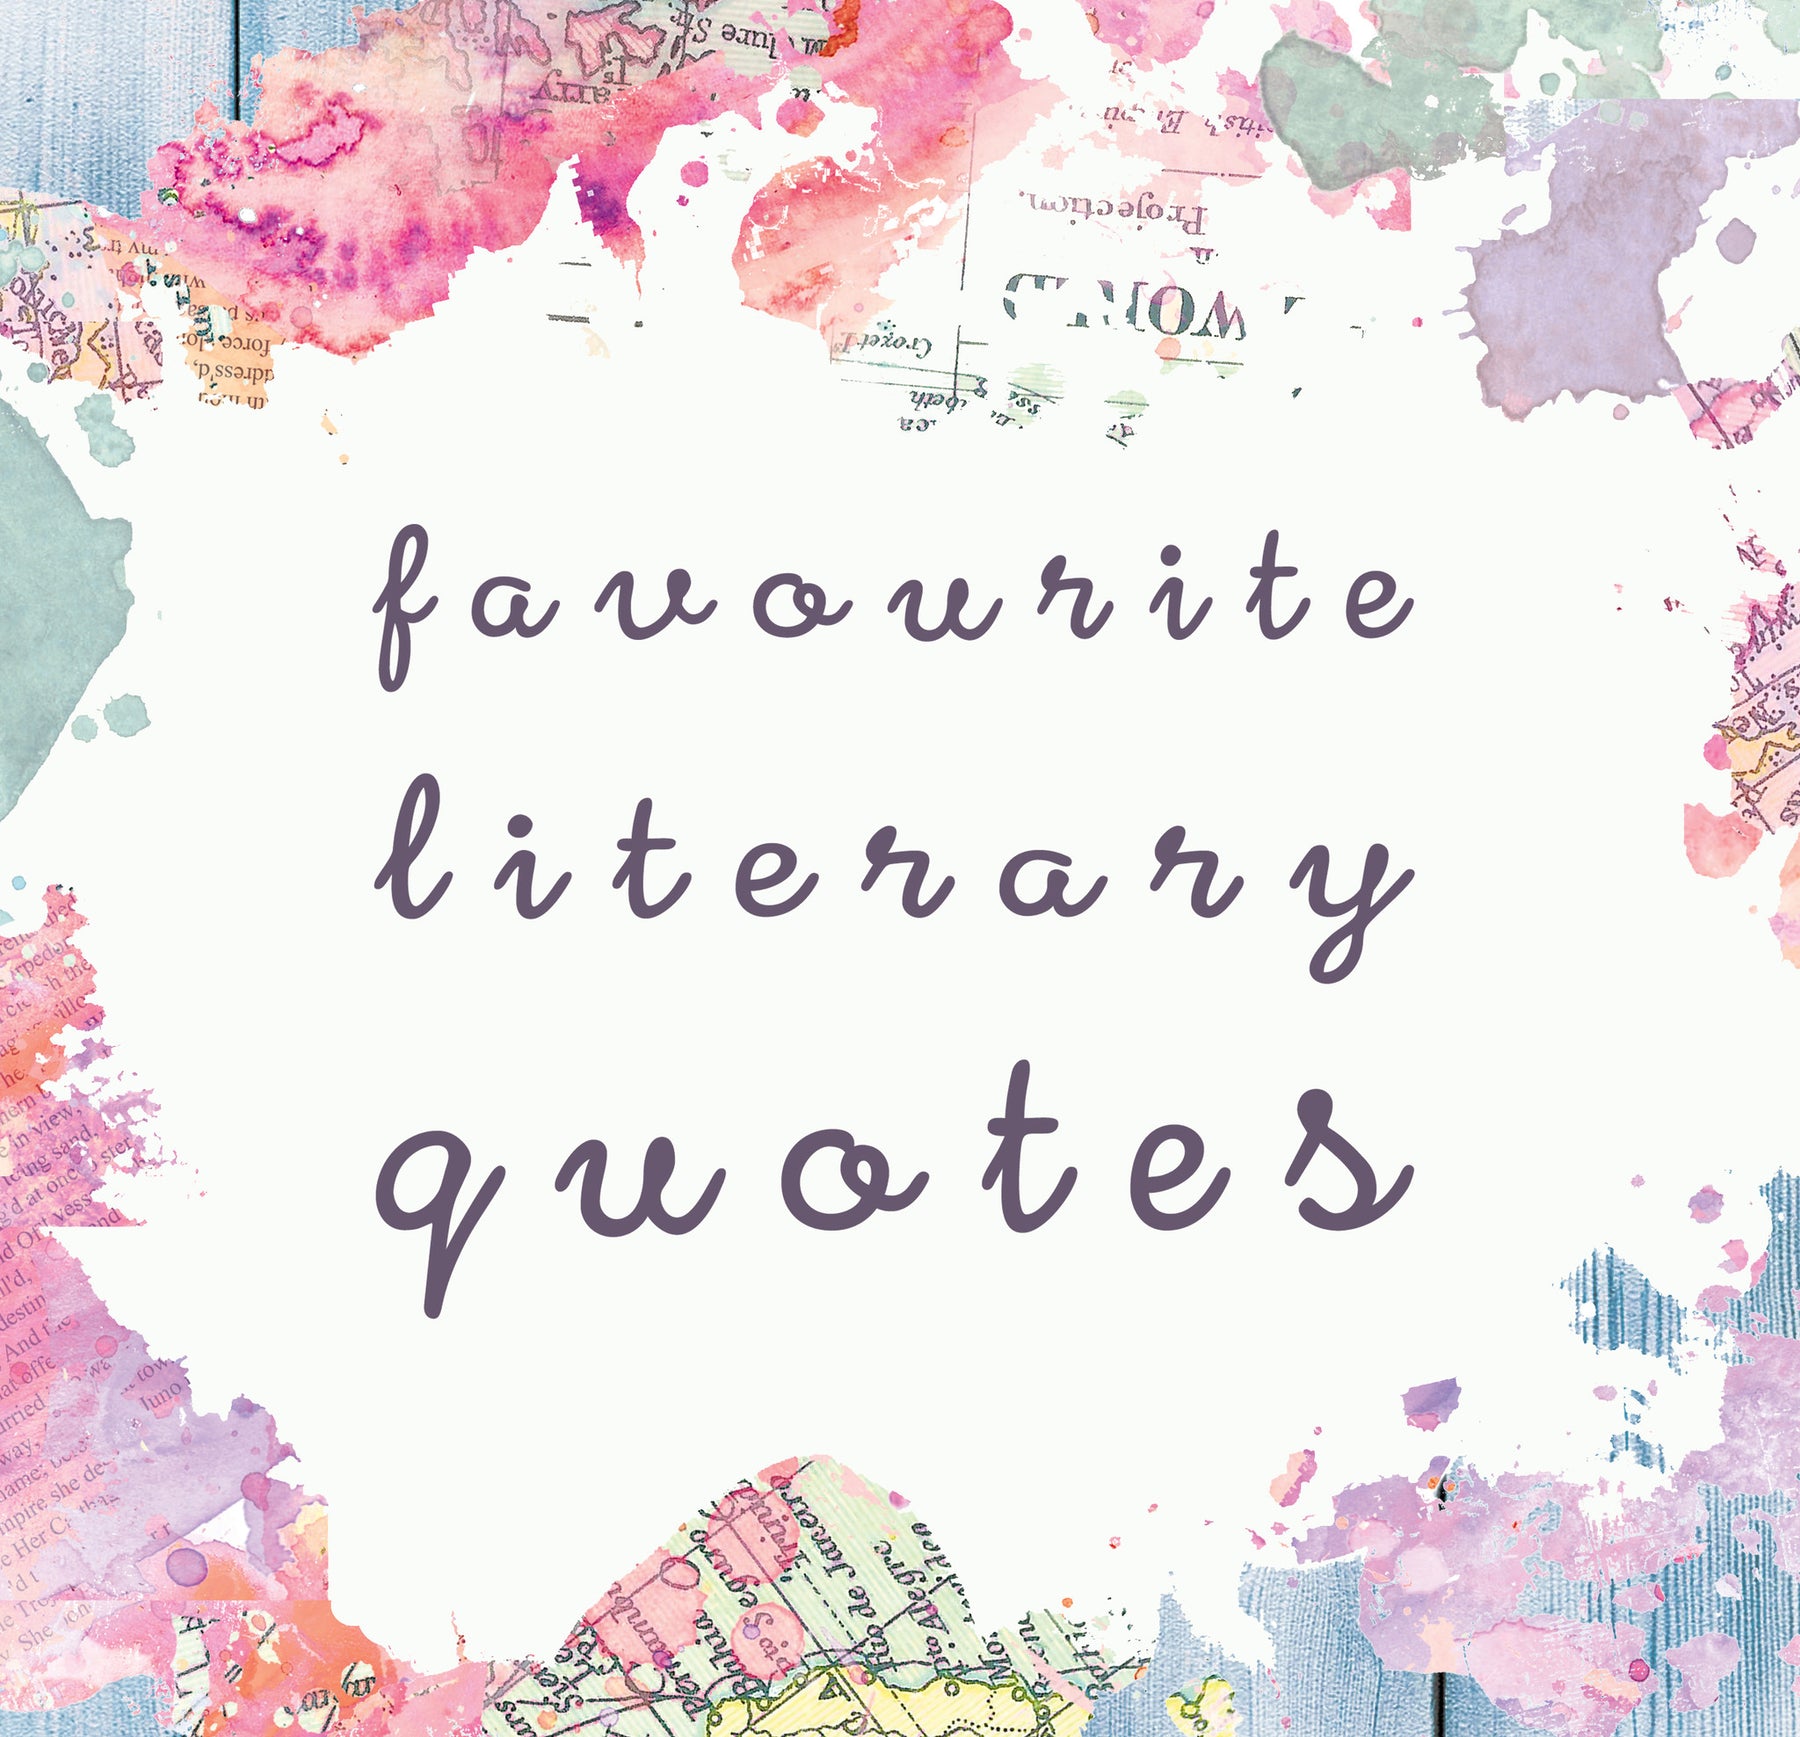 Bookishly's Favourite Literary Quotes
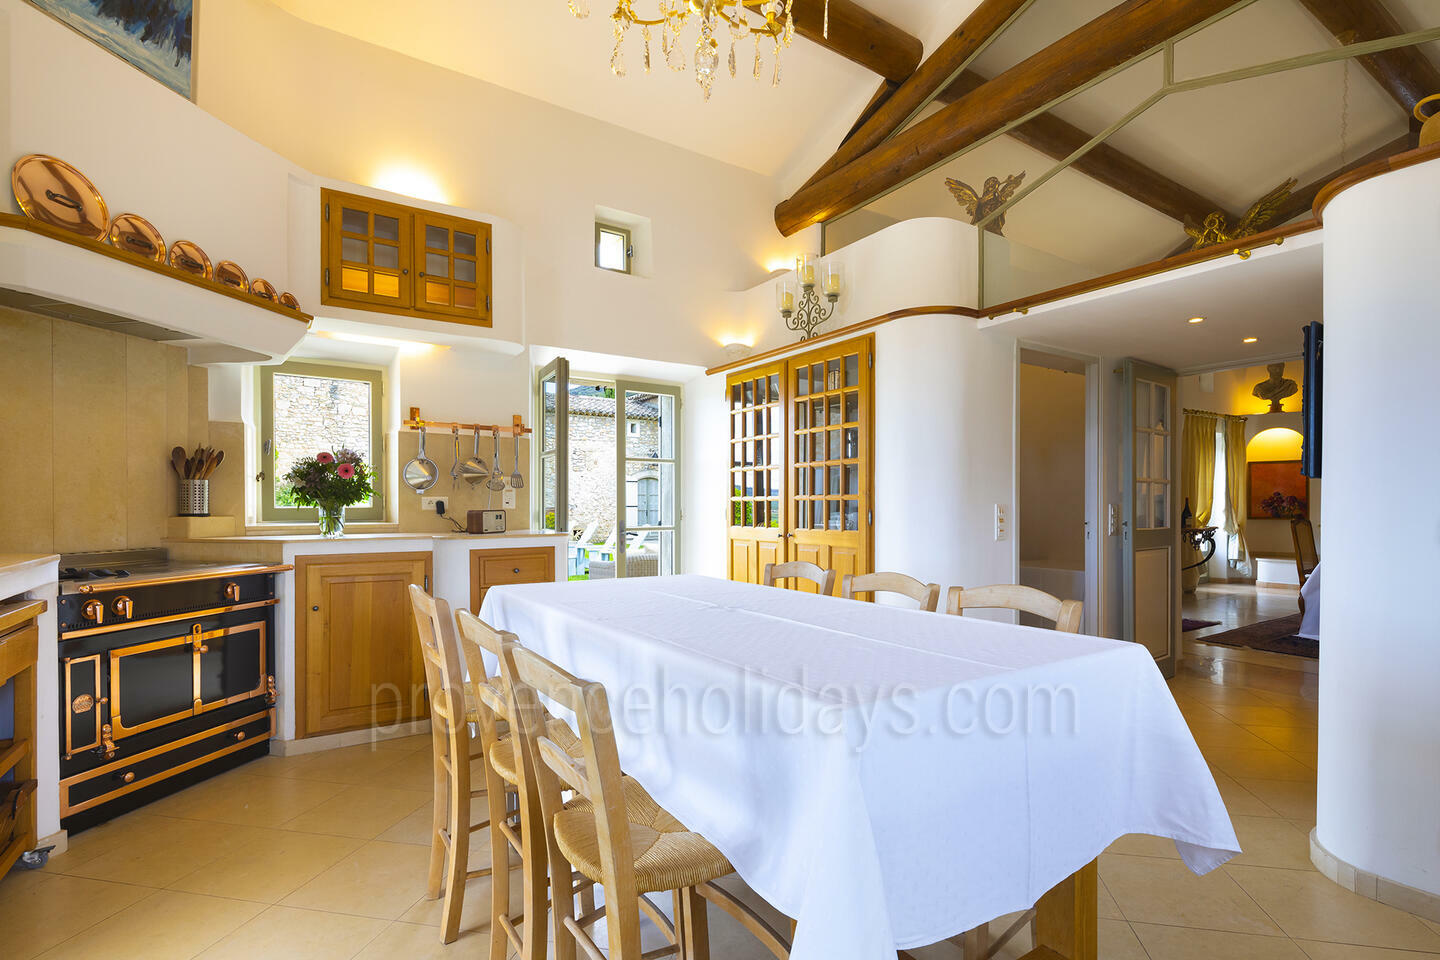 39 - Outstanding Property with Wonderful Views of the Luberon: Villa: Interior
---
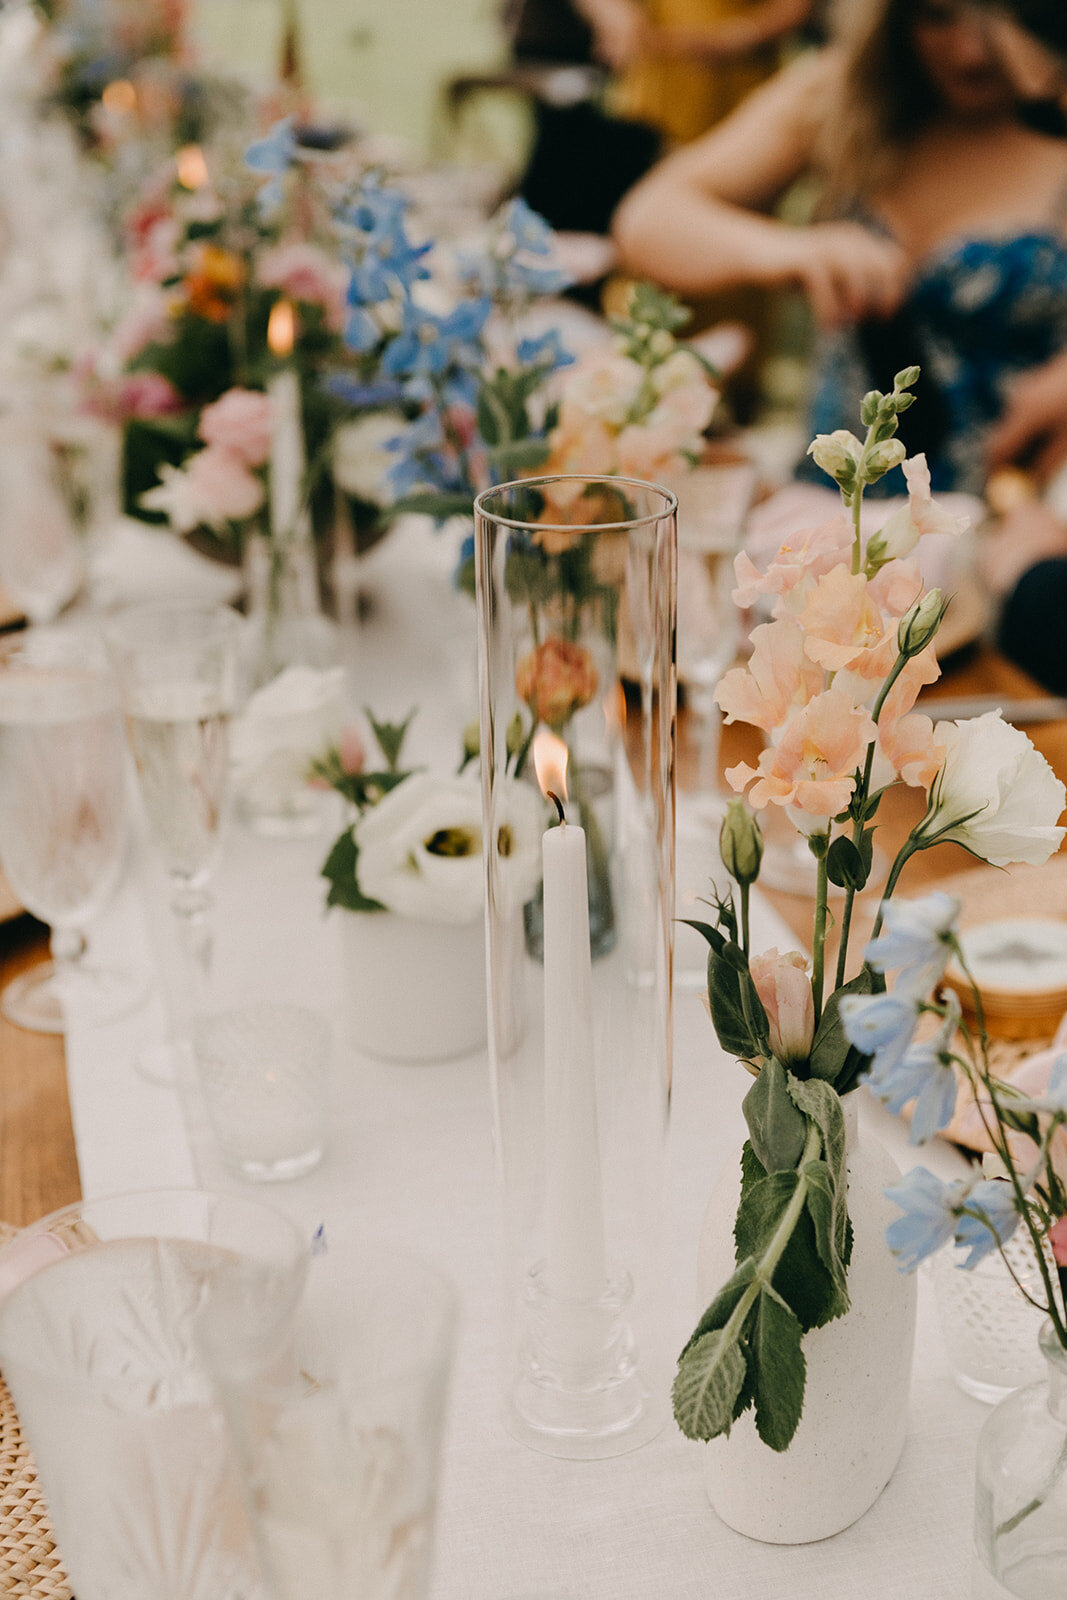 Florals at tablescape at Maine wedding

• **Work instruction**: Starting with the line that has "Bookishly's Favourite Literary Quotes" and ending with the line that has "39 - Outstanding", repeat the lines above exactly, omitting every picture.

• **Written reply**:
 Bookishly's Favourite Literary Quotes
 39 - Outstanding Property with Wonderful Views of the Luberon: Villa: Interior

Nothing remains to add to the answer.